A infância solitária de McGregor se evidencia com esta palavra cruzada que ele faz

   Sobre os efeitos visuais, é incontestável sua qualidade. A computação gráfica é tão bem feita que não fica evidente alguns glitches como em "Marmaduke" e "Hop", este último que também tem um coelho como protagonista. Os efeitos práticos também são usados de uma forma incrível. Em algum momento são usados choques elétricos para criar humor, e estes resultam em duas piadas prontas envolvendo humor físico, mas estas são exageradas a ponto de se assemelhar à algo que o Tarantino escreveria.

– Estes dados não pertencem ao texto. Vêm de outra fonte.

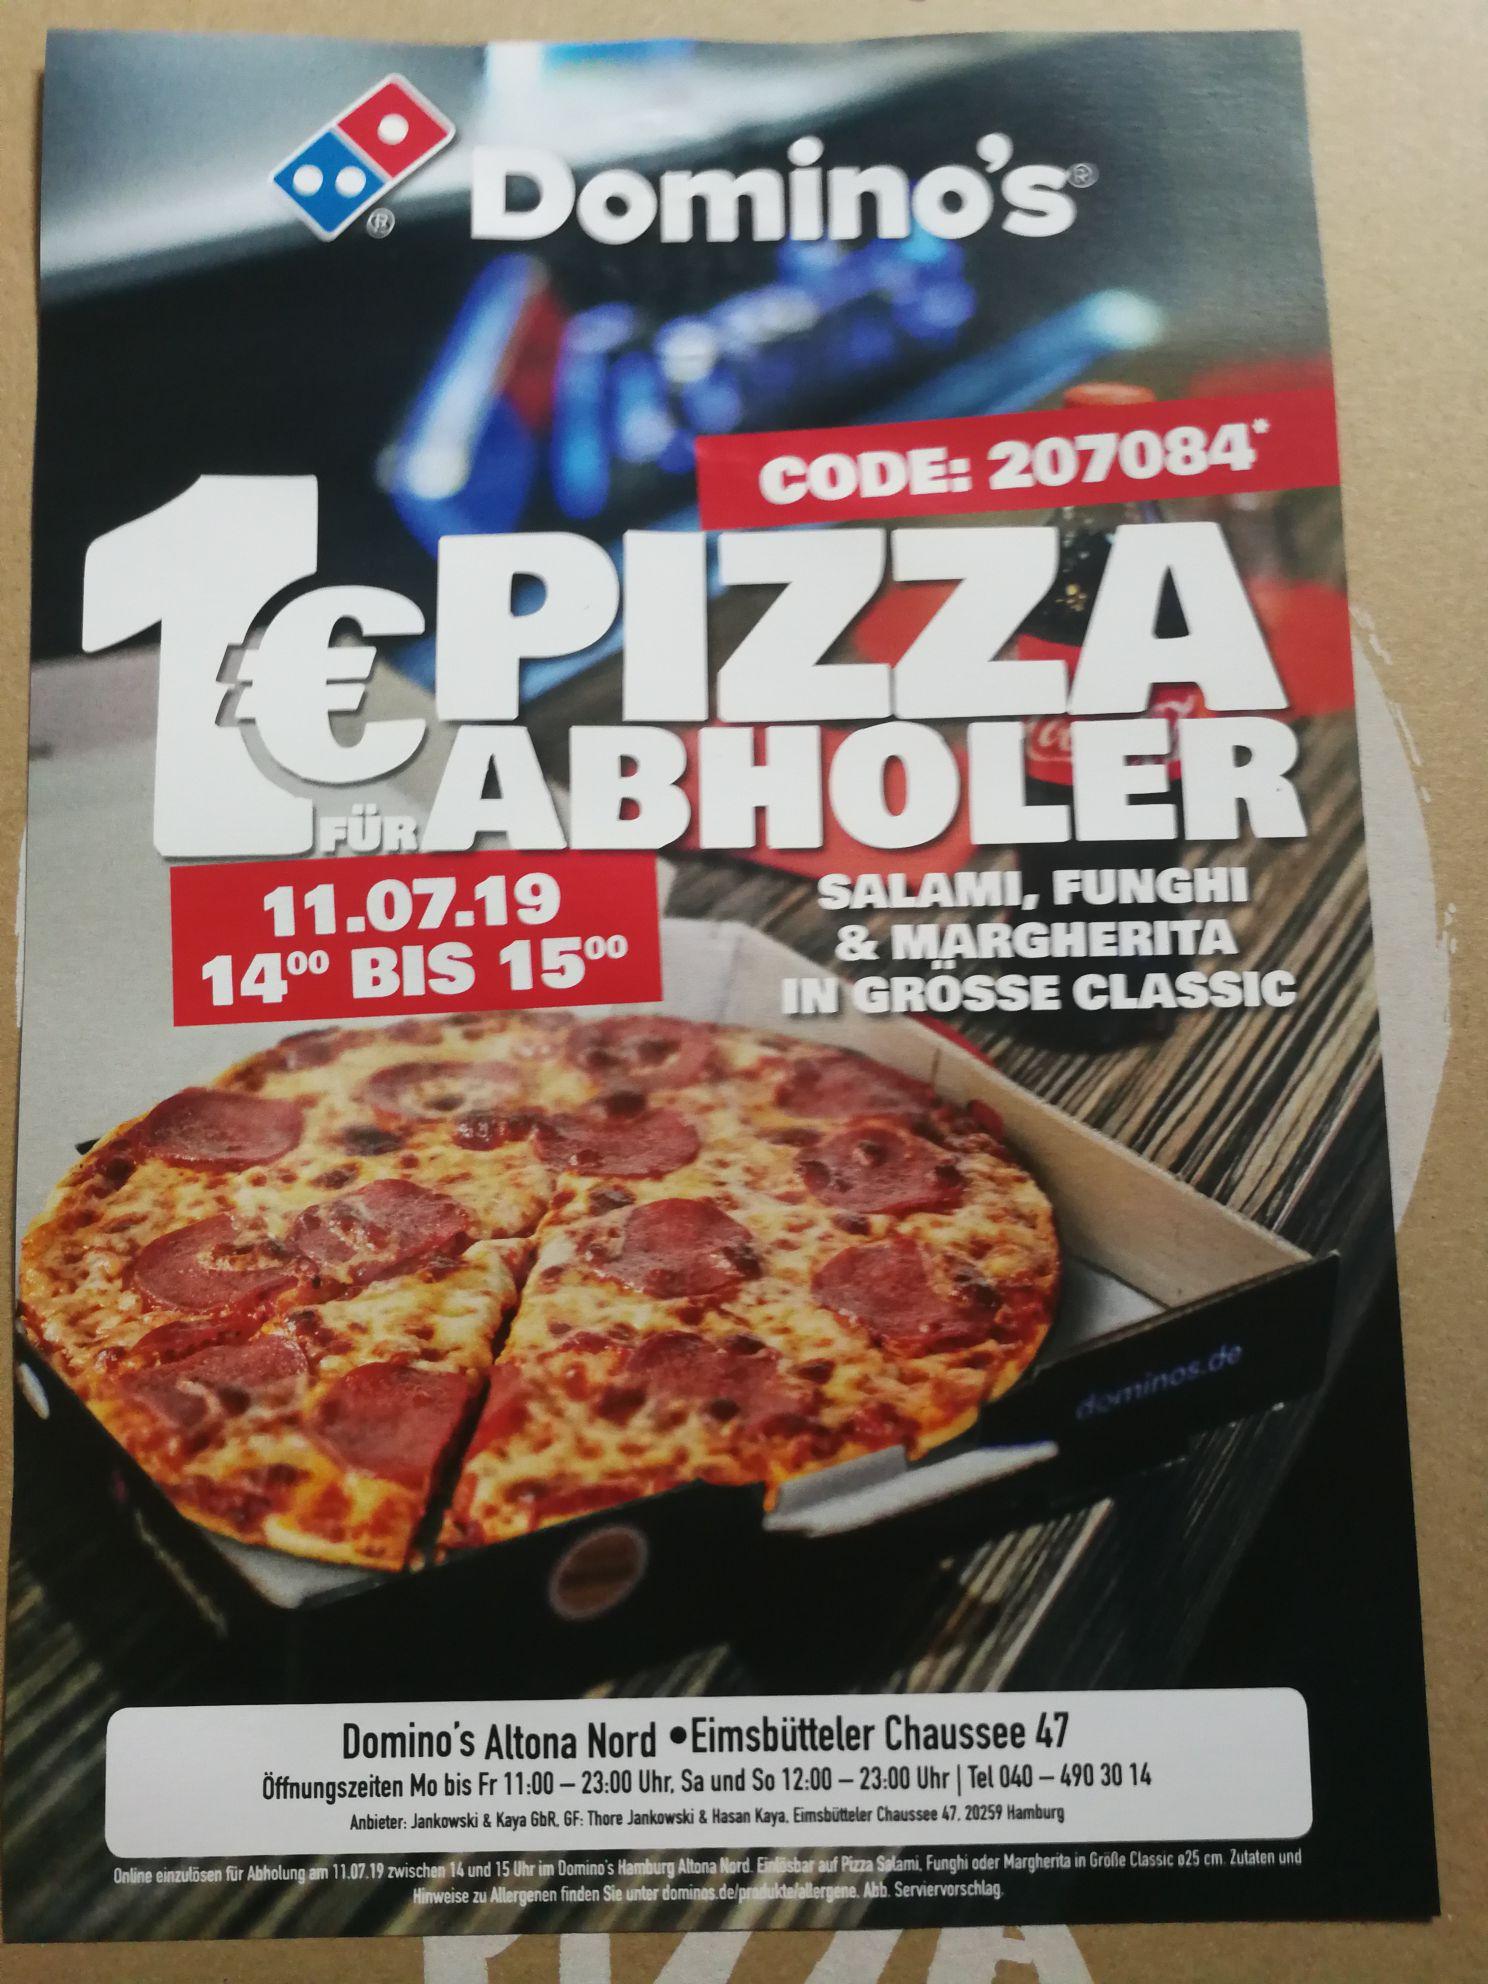 Pizza Klassiker für 1,- Euro bei Abholung - 11.07. lokal Hamburg-Altona
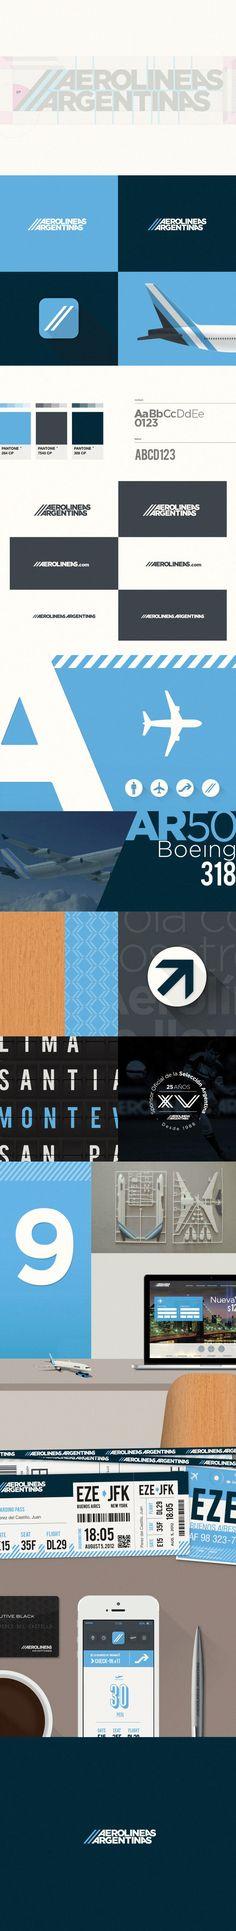 Aerolíneas Argentinas | Rebrand concept on Behance

   "Pedro Coelho" é aquele tipo de filme que tem como público alvo o infantil, mas que os adultos vão chorar de rir. Junto de "Paddington" são as duas melhores adaptações de obras clássicas da literatura infanto-juvenil inglesa e também as melhores comédias visuais dos últimos tempos. A Sony não só conseguiu se redimir do fracasso que foi "Emoji - O Filme", mas conseguiu se inovar. O longa poderia ser perfeito se não fosse por uma narração desnecessária, uma piada que se repete excessivamente e o uso exagerado de músicas pop em momentos aleatórios (um erro que a Sony insiste já há muito tempo em suas animações). Ainda assim, este já se consolidou como o filme mais divertido do ano e o melhor longa da carreira de Gluck, sendo superior até mesmo do que "A Mentira". 9.3/10. Assistam este filme legendado se puderem, pois algumas ótimas piadas se perderão na dublagem. Isso sem falar das referências à "Revolução dos Bichos", que possivelmente serão eufemizadas.